Renault Group and Nissan Motor have announced a definitive agreement to restructure the Renault-Nissan-Mitsubishi alliance, but unresolved issues and «foggy area» still remained.
The plan for reformatting the Renault-Nissan-Mitsubishi alliance was presented by its participants in February of this year, then it was expected that the final version of the agreement would be formed in the first quarter, but the approval process took more time and only today the press services of Renault and Nissan released releases stating that the bosses agreed on everything, although in reality this is not entirely true.
Recall that the Renault-Nissan-Mitsubishi alliance cracked at the seams at the end of 2018 after the arrest in Japan of its chief architect, Carlos Ghosn, we told the story of the issue in a separate article. It took the members of the alliance nearly five years to re-agree on a conscientious life. The agreement reached solves the most important problem — inequality in cross-share ownership. Renault Group now owns 43.4% of Nissan Motor, while Nissan owns only 15% of Renault Group. Mitsubishi Motors joined the alliance only in 2016 and acts in it as a satellite of Nissan (Nissan Motor owns a 34% stake in Mitsubishi Motors), that is, in fact, does not affect the format of the transaction.
The February agreements on the redistribution of shares were slightly adjusted, but their essence did not fundamentally change. Renault Group will transfer 28.4% of Nissan Motor shares to a French trust fund, but will continue to receive dividends and profits from these shares until they are sold. The trustee has the authority to sell the shares of Nissan Motor held in the trust at any time if it is to the benefit of the Renault Group, and Nissan Motor has a priority right to purchase these shares or may make a priority choice in favor of a third party. There is no time limit for holding Nissan Motor shares in a French trust. The voting on the shares held in the trust will be neutral, except for certain specific issues. The voting rights of Renault Group and Nissan Motor will be limited to 15 percent of each other's shares, there is no specific agreement on the number of representatives on the boards of directors yet.

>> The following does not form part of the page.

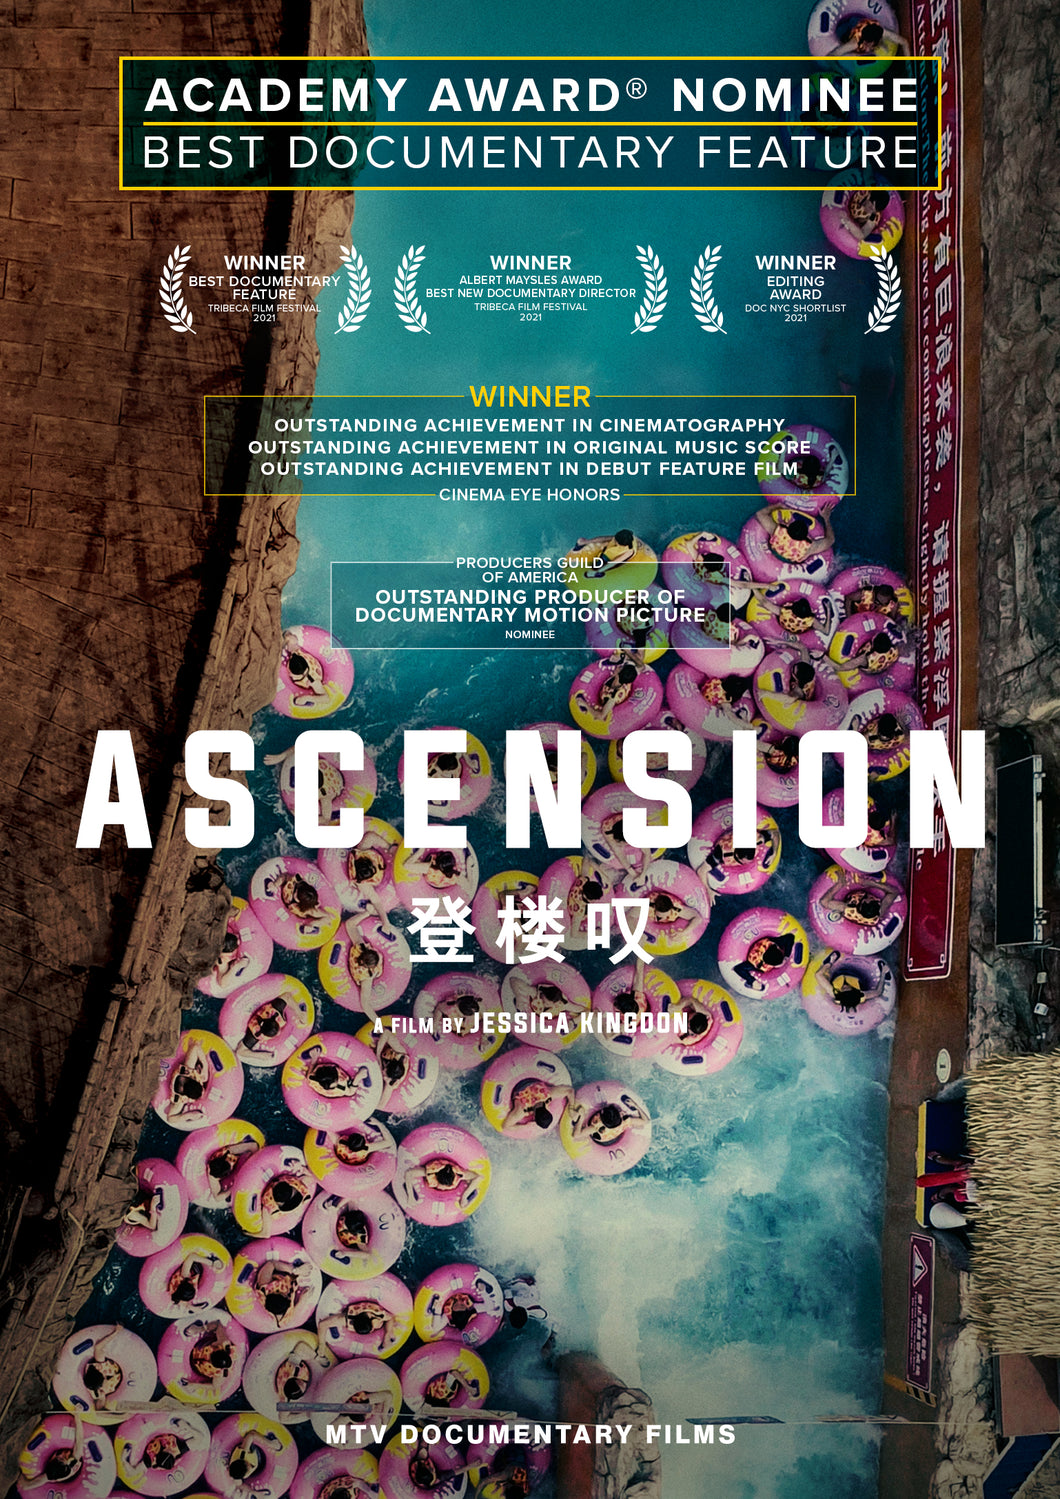 ASCENSION [DVD]

The main geographical areas of joint work of the renewed alliance now, as in February, are Latin America, India and Europe are named, however, all February details about new models disappeared from the description of the final version of the deal. Instead, it has been announced that Nissan will invest 600 million euros in a new electric vehicle division of the Renault Group, called Ampere, which will eventually be spun off into a separate company for an IPO.
Nissan has no direct relationship with the Renault and Geely motor joint venture launched earlier this month and, together with Mitsubishi, will only be its client.
Note that China, the largest automotive market, is not indicated in the restructuring plan of the alliance. The Renault brand left China in 2020, and Nissan is rapidly losing ground here under the onslaught of rapidly developing local, Chinese brands.
European and Japanese companies today cannot compete with Chinese companies in the pace of introducing new electric vehicles to the market. For example, the serial Nissan Ariya electric crossover presented in 2020 appeared at most dealers only this year, and even then in limited quantities, while Chinese competitors (for example, Nio) have already changed generations during this time. The sluggishness of the management apparatus of European and Japanese companies is especially clearly seen in the example of the Renault-Nissan-Mitsubishi alliance, and there is a feeling that the reboot will not significantly change its life.